Prosseguindo: Deus quer que sejamos como crianças, mas, será que Deus quer que nós desejemos ser inocentes e dependentes?

Absolutamente não. Este é o ponto em questão. É diferente “ser inocente” e “desejar ser inocente”, é diferente “ser dependente” e “desejar ser dependente”. Como vimos anteriormente, as crianças são inocentes, mas a natureza delas as impulsiona ao conhecimento e à independência. E é isso que seus pais desejam.

Se Deus quer se relacionar conosco como um pai se relaciona com o filho e se um pai sempre deseja ver o filho crescendo, aprendendo e desenvolvendo, logo Deus quer que seus filhos cresçam, aprendam, se desenvolvam e deixem de ser, progressivamente, dependentes dEle no que podemos ser.

O “ser semelhante às crianças” significa reconhecer que somos crianças e, por isso, ser como crianças: temos que crescer e desenvolver. Crianças normais e saudáveis crescem e desenvolvem. Este é o curso natural da existência.

Como Pai, Deus quer sejamos semelhantes às crianças. Ele quer que cresçamos e nos desenvolvamos, como crianças normais e saudáveis. Não o contrário.

Deus quer, por exemplo, que nós aprendamos a tomar decisões coerentes e prudentes, que aprendamos a ser sábios. Deus não quer que sejamos eternos inocentes em relação ao nosso conhecimento sobre Ele, tanto que somos aconselhados pela Bíblia a conhecer e prosseguir conhecendo ao Senhor, a renovar nossa mente (Rm 12:2), a buscar a sabedoria como bem mais precioso que o Ouro (Pv 2:9), etc.

O problema principal da interpretação dos evangélicos (limitada apenas ao “ser inocente e dependente”) é que esta interpretação dá margem para o comodismo voluntário para as pessoas.
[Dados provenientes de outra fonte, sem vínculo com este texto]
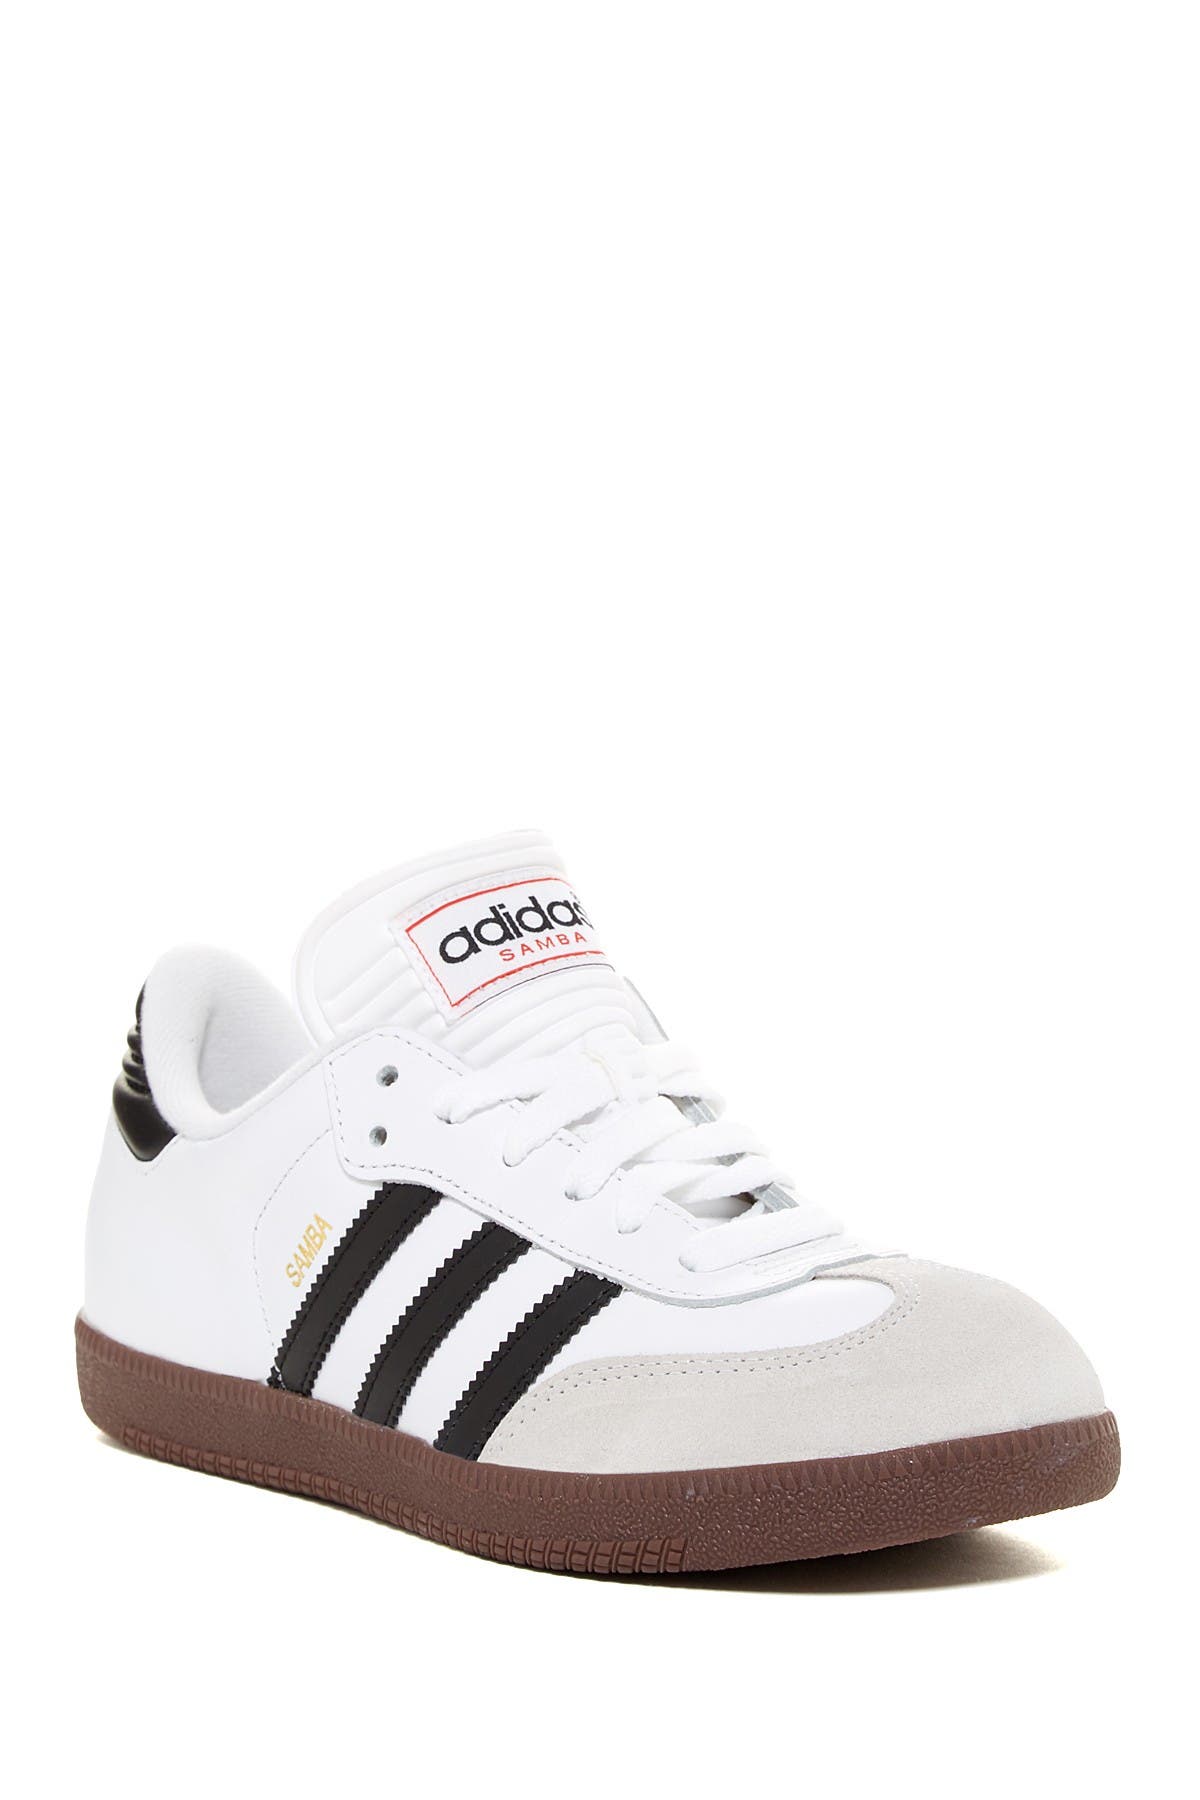 adidas 'Samba' Sneaker (Big Kid 
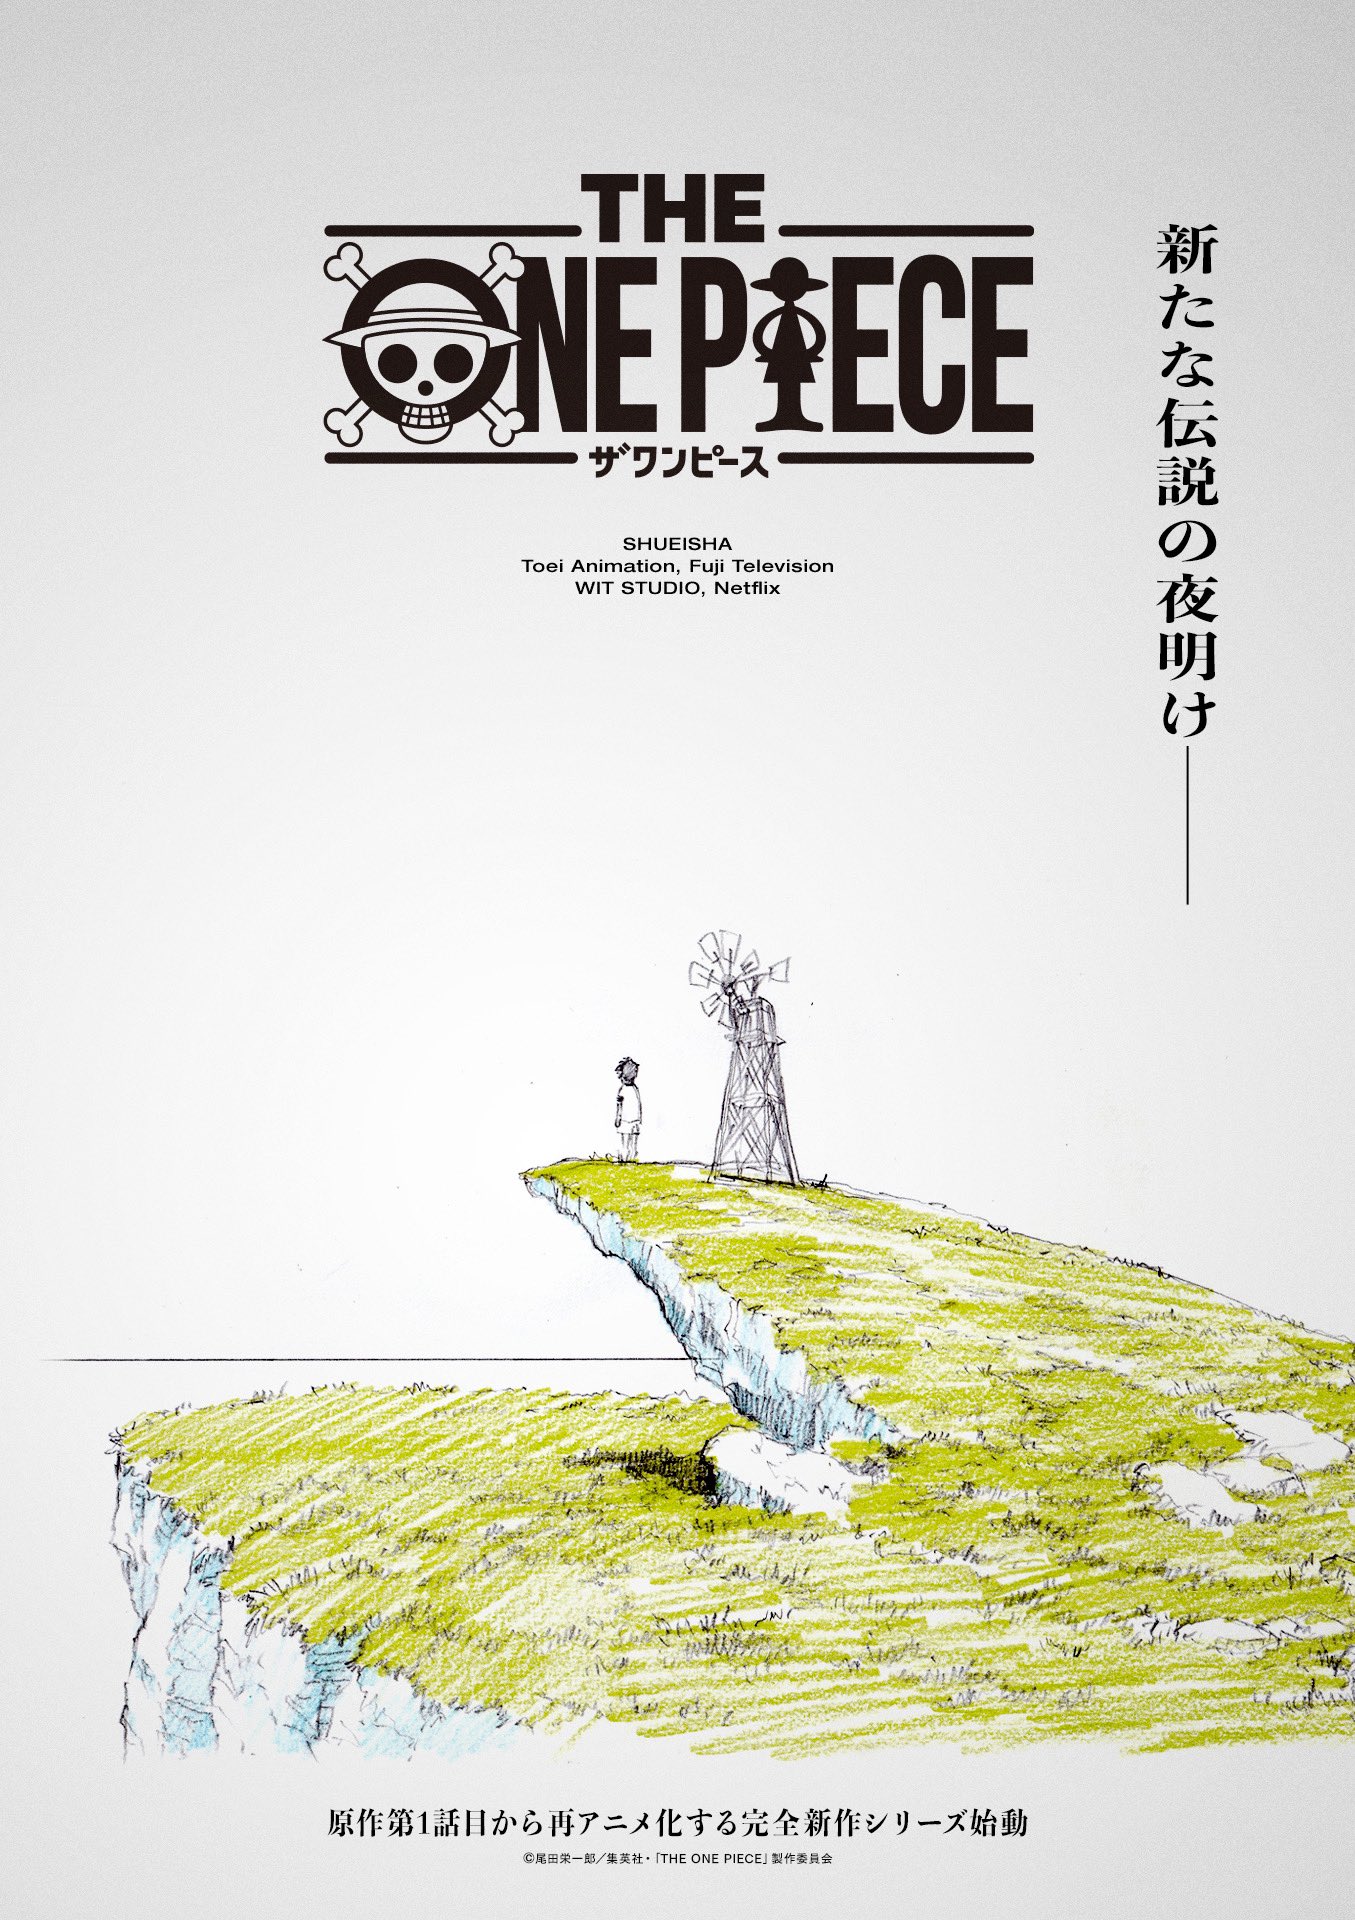 Imagen promocional de One Piece

Este ano, enquanto lecionava uma disciplina para meus alunos na Igreja, um deles disse: "Mas isso é racional demais! Não podemos racionalizar as coisas... Crente tem que viver na dependência, no sobrenatural!".

Deus, como Pai, quer ver seus filhos crescendo, adquirido conhecimento, sabedoria e se tornando, naquilo que formos capazes, independentes e maduros. Deus quer que sejamos semelhantes às crianças, mas como crianças normais, que crescem. Não como crianças que aos 12 anos necessitam da mãe para “se limpar”.